_Source data_.
↓

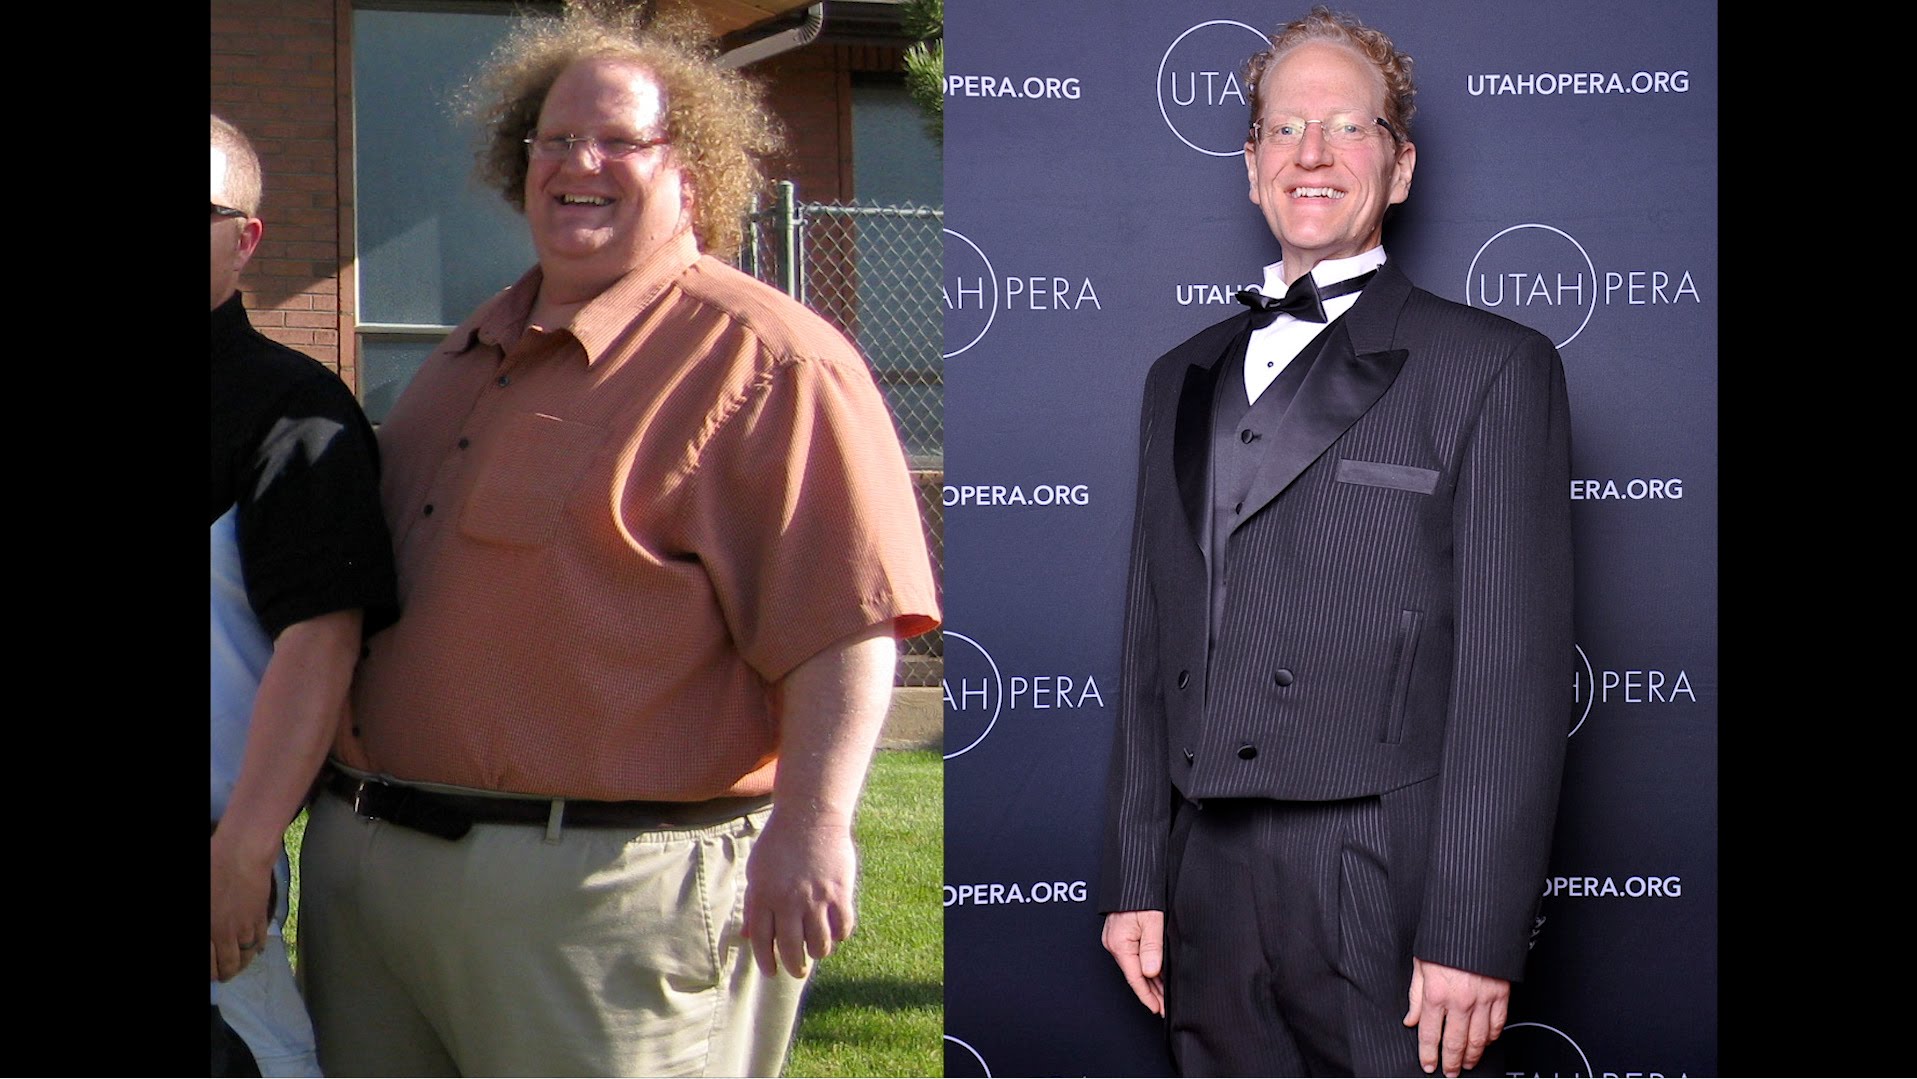 400 lb Man Loses 300 lbs In Stunningly Short Time, But It's His Attitude  That's Most Astounding. – InspireMore
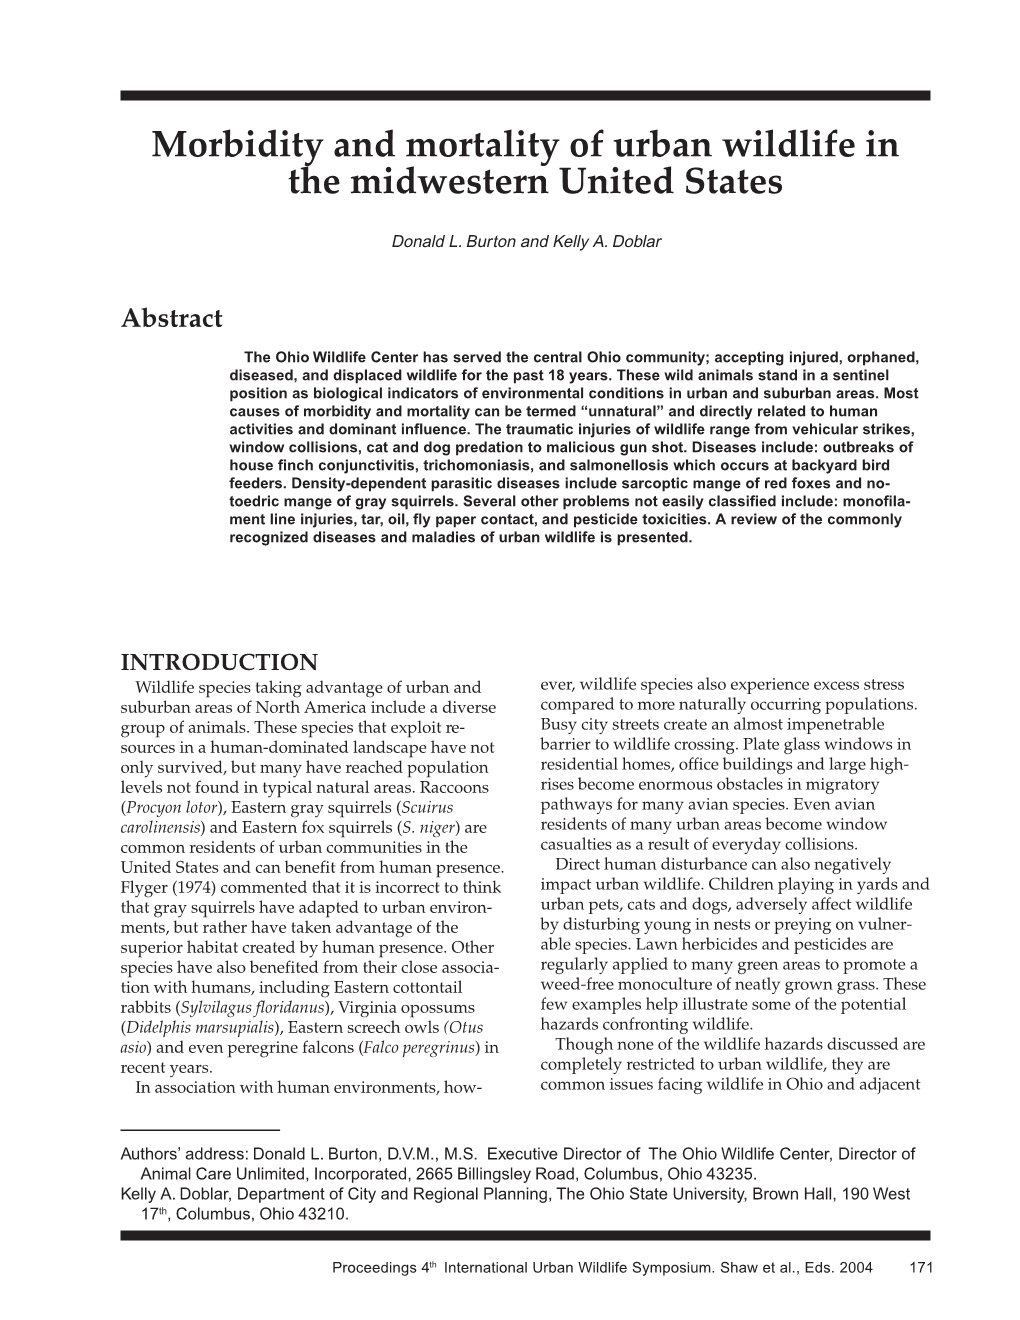 Morbidity and Mortality of Urban Wildlife in the Midwestern United States
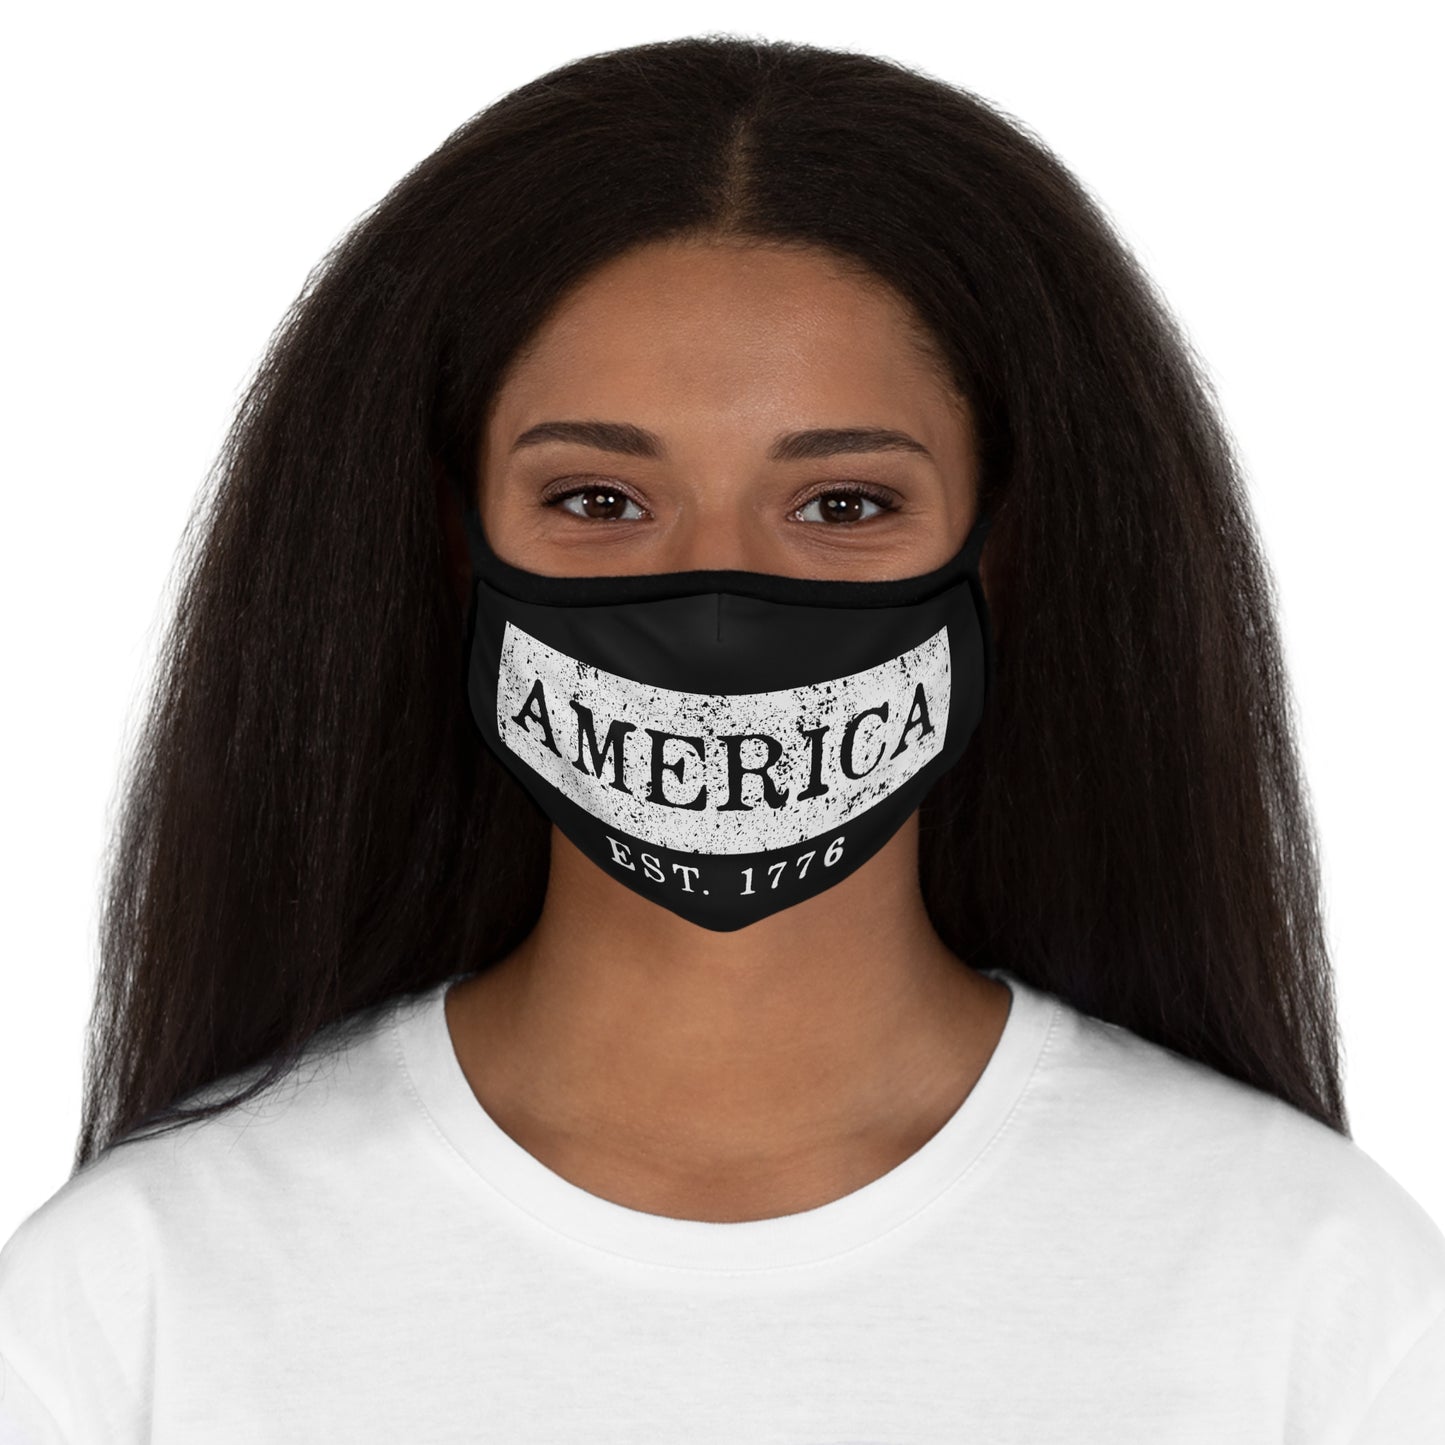 America Fitted Polyester Face Mask For the USA Patriot

↑

_What is required_. Print each line of the material above exactly, with the pictures removed from your copy.

_Answer for this exercise_.
 400 lb Man Loses 300 lbs In Stunningly Short Time, But It's His Attitude  That's Most Astounding. – InspireMore
 Morbidity and Mortality of Urban Wildlife in the Midwestern United States
 America Fitted Polyester Face Mask For the USA Patriot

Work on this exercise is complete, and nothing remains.